Se sentaron Leandro y Manuel. Éste apoyó la frente en la mano y quedó dormido; Leandro hizo una seña a dos cantaoras, vestidas con trajes vistosos, que hablaban con unas mujeres gordas, y las dos fueron a sentarse a la mesa.
-¿Qué vais a tomar? -las preguntó Leandro.
-Yo alpiste -contestó una de ellas, que era delgadita, nerviosa, con los ojos pequeños y pintados.
-¿Tú, cómo te llamas?
-Yo, María la Chivato.
-¿Y ésta?
-La Tarugo.
La Tarugo, que era una malagueña gorda y agitanada, se sentó al lado de Leandro, y se pusieron los dos a hablar bajo.
Se acercó el mozo a la mesa.
-Tráenos cuatro medias de aguardiente -dijo la Chivato-, porque éste beberá -añadió dirigiéndose a Manuel y agarrándole del brazo-. ¡Tú, chaval!
-¡Eh! -exclamó el muchacho, despertándose, sin tener idea de dónde estaba-. ¿Qué quiere usted?
La Chivato se echó a reír.
-¡Despiértate, hombre, que se te va el tren! ¿Has venido en el mixto de esta tarde?
-He venido en la... -y Manuel soltó un rosario de barbaridades.
Luego, de muy mal humor, se puso a mirar a todos lados, haciendo esfuerzos para no dormirse.
En una mesa de al lado, un hombre con trazas de chalán discutía acerca del cante y del baile flamenco con un bizco de cara de asesino.
-Ya no hay artistas -decía el chalán-;antes venía uno aquí a ver al Pinto, al Canito, a los Feos, a las Macarronas... Ahora, ¿qué? Ahora, na; pollos en vinagre.
-Ése es el tocaor -dijo, señalando a este último la Chivato.
No pararon mucho tiempo las dos cantaoras en la mesa de Leandro y Manuel. El bizco estaba ya en el tablao; empezó a puntear la guitarra, se sentaron seis mujeres en fila y empezaron a palmotear rítmicamente; la Tarugo se levantó de su asiento y se arrancó a bailar de costado, luego zarandeó las caderas de una manera convulsiva; el cantaor comenzó a gargarizar suavemente; a intervalos callaba y no se oía entonces más que el castañeteo de los dedos de la Tarugo y los golpes de sus tacones, que llevaban el contrapunto.
Cuando concluyó la cantaora malagueña, se levantó un gitano de piel achocolatada, y bailó un tango, un danzón de negro; se retorcía, echaba el abdomen para adelante y los brazos atrás. Terminó sus movimientos de caderas afeminados y un trenzado complicadísimo de brazos y de piernas.

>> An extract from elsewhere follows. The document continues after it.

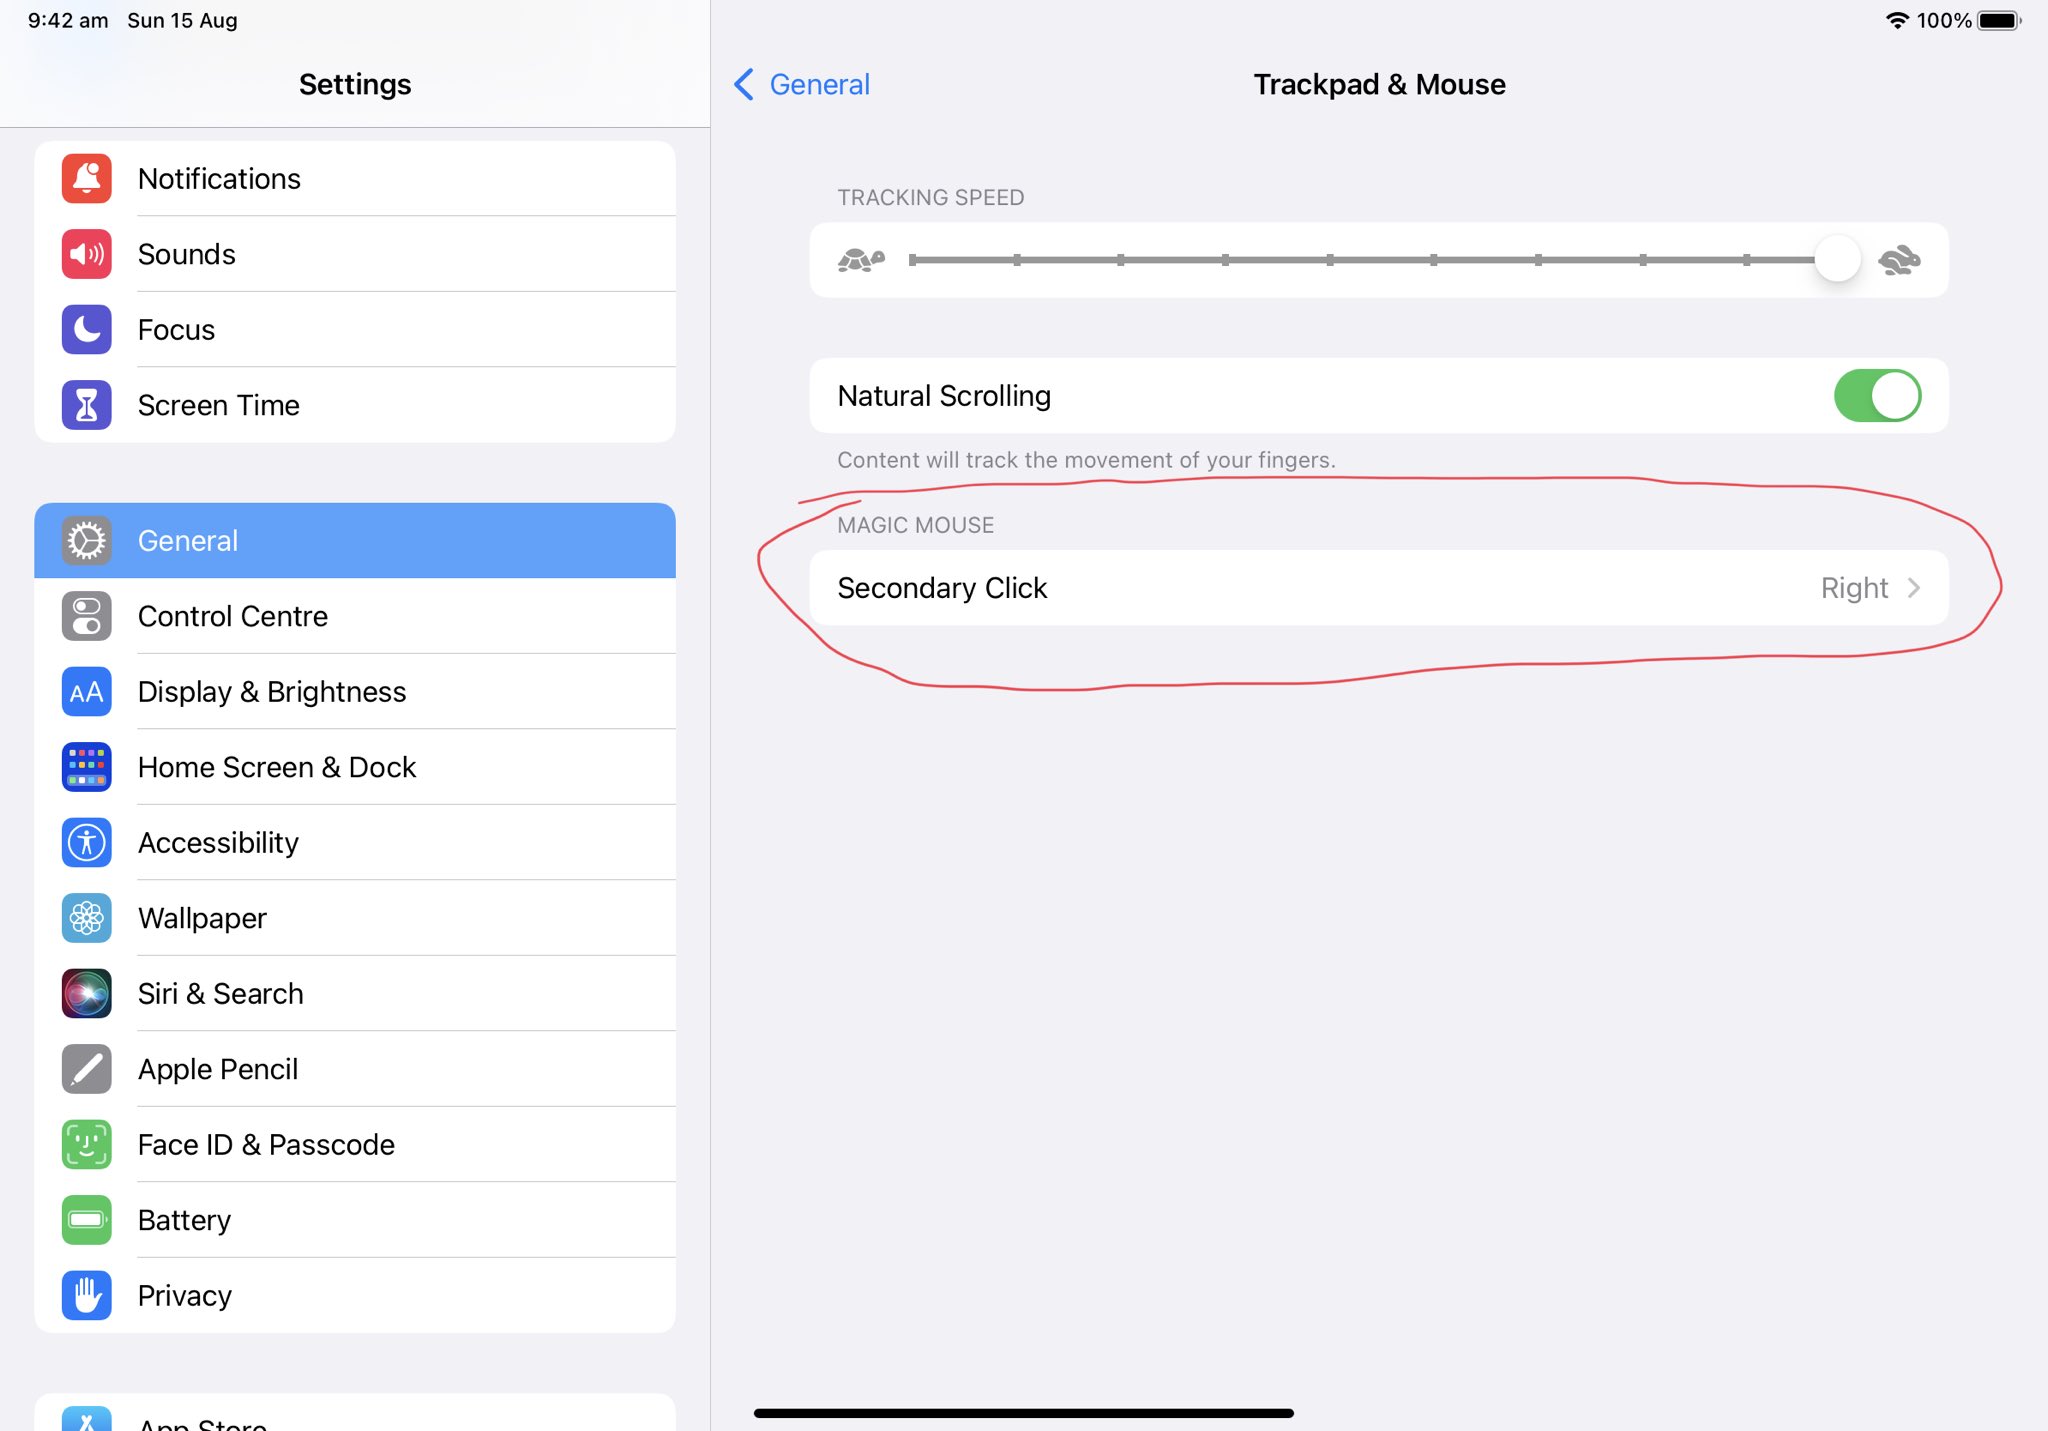 IPadOS Settings screen for mouse and trackpad

-Eso es trabajar erijo el chalán.
-Mira, yo me voy -murmuró Manuel.
-Espera; vamos a tomar otra copa.
-No; me marcho.
-Bueno; vámonos. ¡Es lástima!
En aquel momento un cantaor gordo, con una cerviz poderosa, y el guitarrista bizco de cara de asesino, se adelantaron al público, y mientras el uno rasgueaba la guitarra, poniendo de repente la mano sobre las cuerdas para detener el sonido, el otro con la cara inyectada, las venas del cuello tensas y los ojos fuera de las órbitas, lanzaba una queja gutural, sin duda muy dificultosa, porque le hacía enrojecer hasta la frente.